#### DATA SHOWN
======

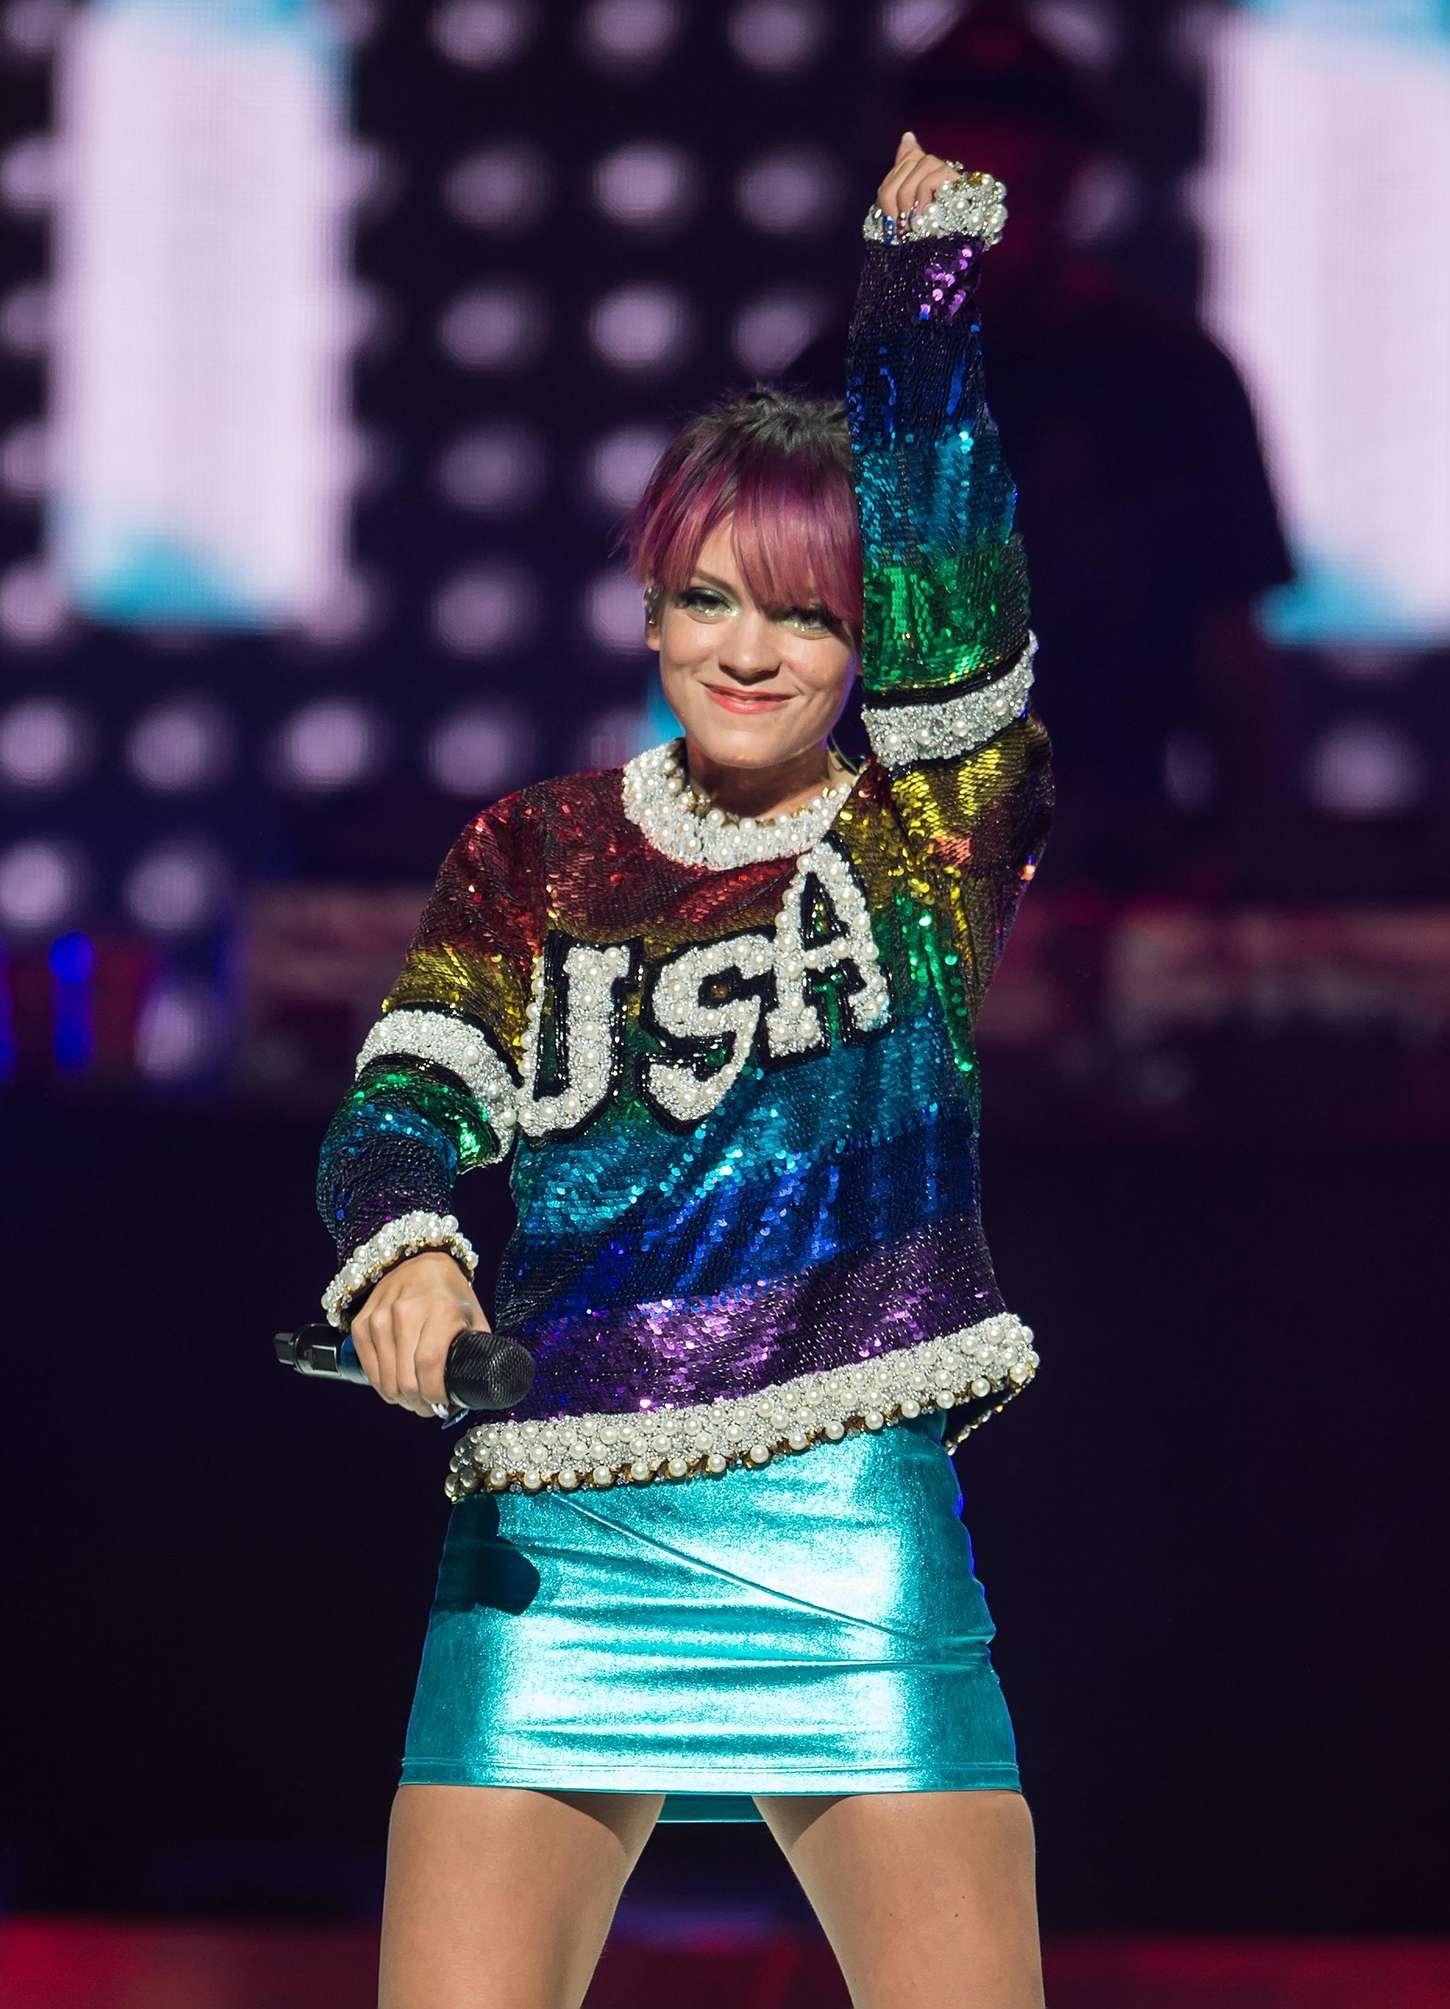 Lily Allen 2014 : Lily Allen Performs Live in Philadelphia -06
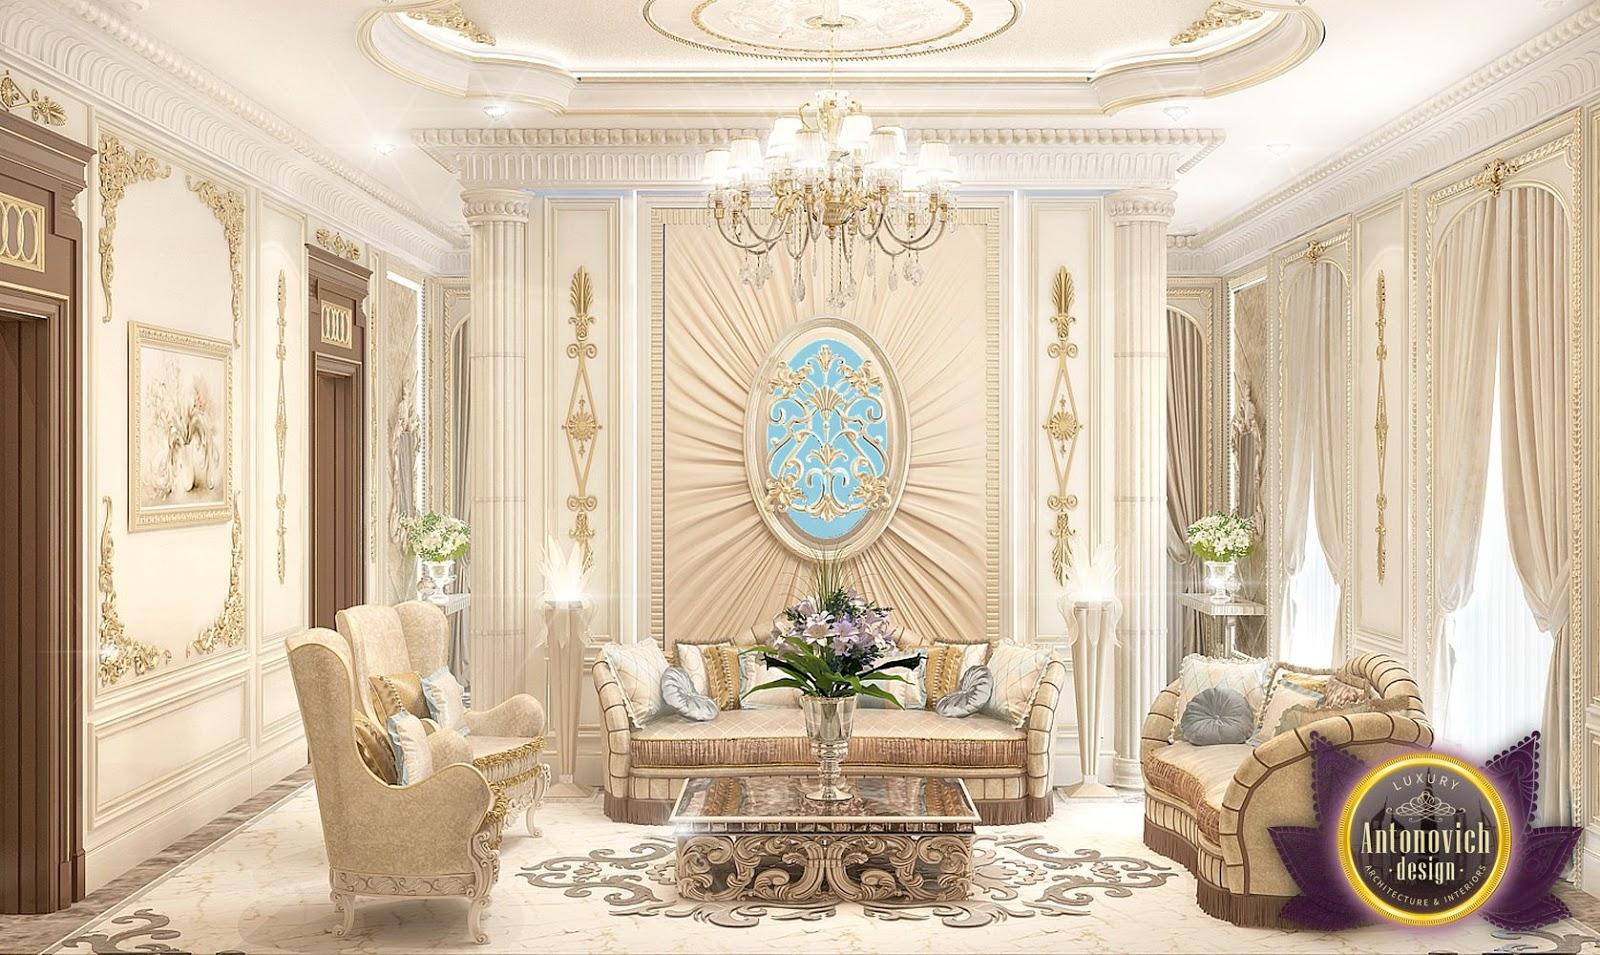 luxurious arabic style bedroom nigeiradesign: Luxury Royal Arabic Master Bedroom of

======

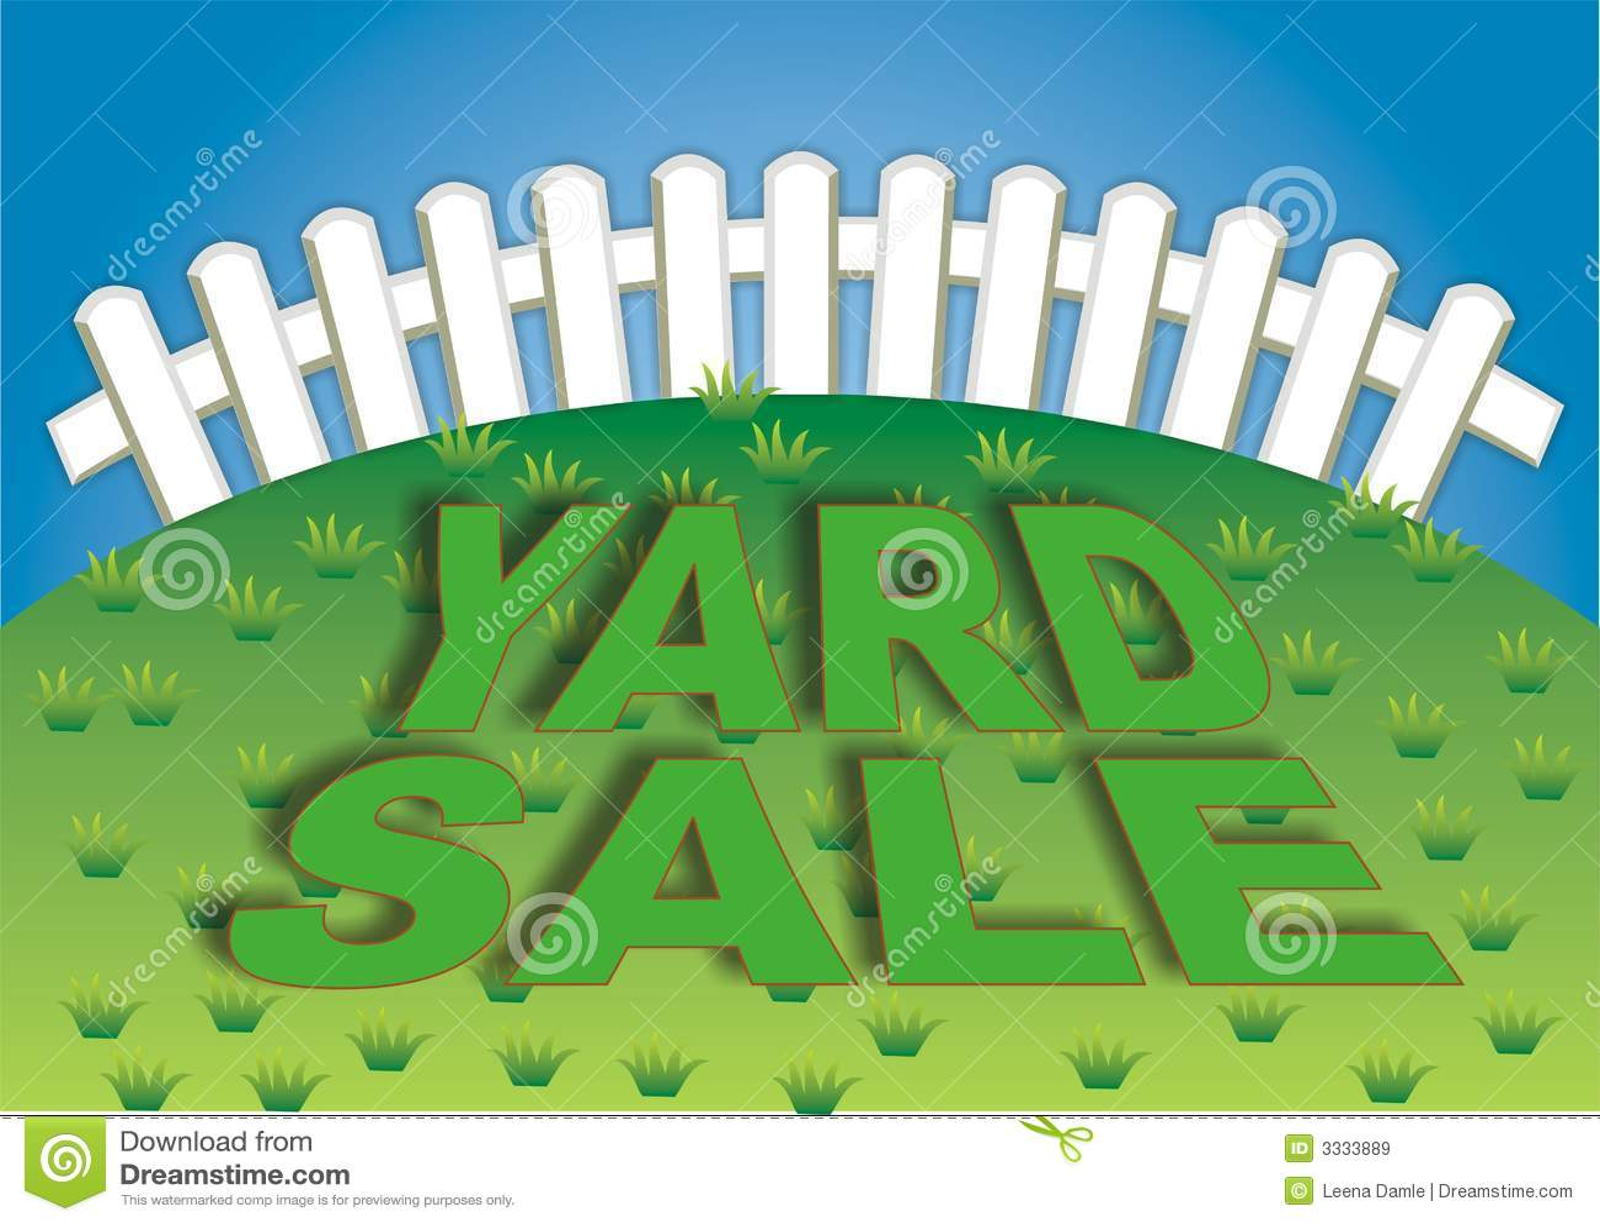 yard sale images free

======

#### WORK INSTRUCTION
Your answer should be the exact lines above from the one containing "Lily Allen 2014" through the one containing "luxurious arabic style", with both end lines kept and the pictures removed, please.

#### YOUR SOLUTION
 Lily Allen 2014 : Lily Allen Performs Live in Philadelphia -06
 luxurious arabic style bedroom nigeiradesign: Luxury Royal Arabic Master Bedroom of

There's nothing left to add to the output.